Q4 Results: Beverage Can Demand Drives Novelis’ Earnings
Robust demand for beverage cans aided the earnings of Novelis Inc., the U.S.-based subsidiary of aluminium giant Hindalco Industries Ltd.
The beverage can maker’s profit—excluding special items—rose 29 percent for the three months ended March mainly due to higher operational profits, the company said in a press release. These special items include metal price lag, restructuring and impairment, gains on sale of business.
The industrial aluminium producer reported 12 percent growth in earnings before interest, taxes, depreciation, and amortisation despite a slowdown in China’s auto sales. Higher shipments, improved product mix and favourable metal costs led to a strong operational profit, the company said.

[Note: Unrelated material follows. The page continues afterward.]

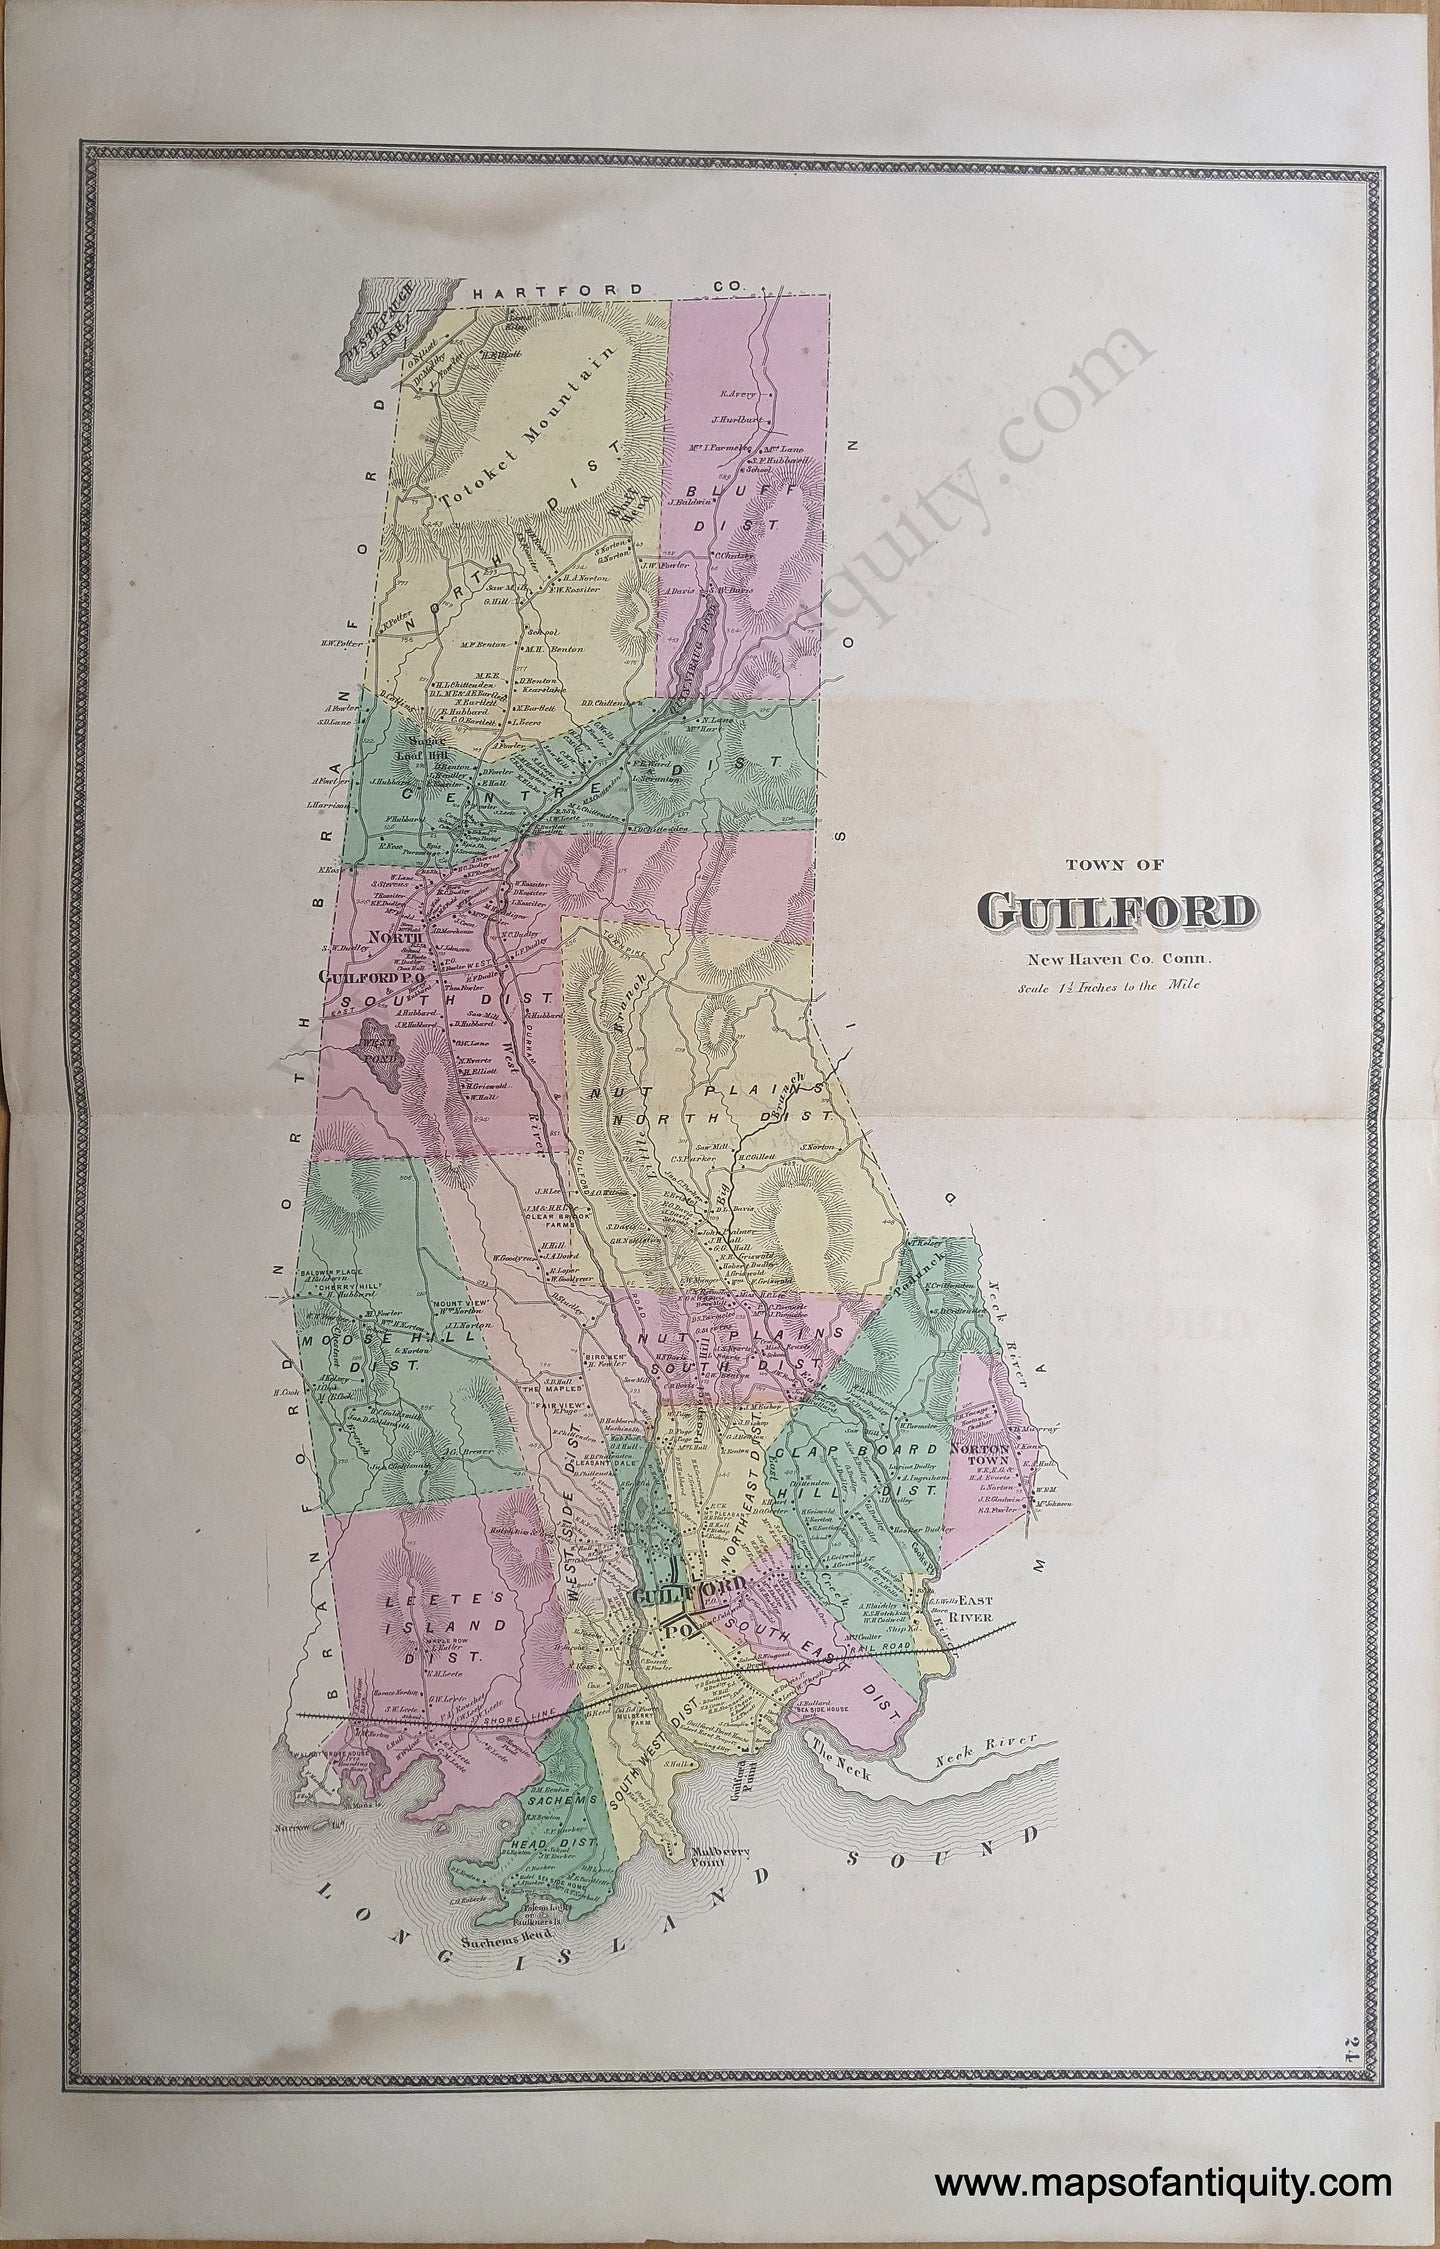 Antique-Hand-Colored-Map-Town-of-Guilford-New-Haven-Co.-Conn.-**********-United-States-Connecticut-1868-Beers-Maps-Of-Antiquity

Ebitda per tonne rose by 12 percent to $410 million for the March-ended quarter compared to $367 million in the year-ago period. The company’s net debt average reduced to 2.5 times as of financial year 2018-19 compared to 3 times during the previous fiscal.
While terming the fourth-quarter numbers as “surprisingly positive”, Jefferies highlighted that concerns around potential downward repricing of auto contracts may be overdone.
Novelis’ management, in its conference call, said that it expects good auto demand in the U.S. and that slowdown in China was short-lived.
Edelweiss Securities, in its report, said that Novelis is at a vantage position as Ebitda per tonne is expected to remain at an elevated level amidst favourable conditions in the can market.
Aleris Corp.’s March Quarter Numbers
Aleris Corporation, the proposed step-down subsidiary of Hindalco, posted a 57 percent jump in adjusted Ebitda on a yearly basis to $85 million for the first quarter of calendar year 2019. This, according to the company, was aided by stronger-than-expected shipments in profitable auto and aerospace divisions. It expects Ebitda growth to continue in these two divisions.
Novelis had signed an agreement to acquire Aleris for $2.6 billion on July 26, 2018. The merger is expected to be completed within 15 months from the date of agreement.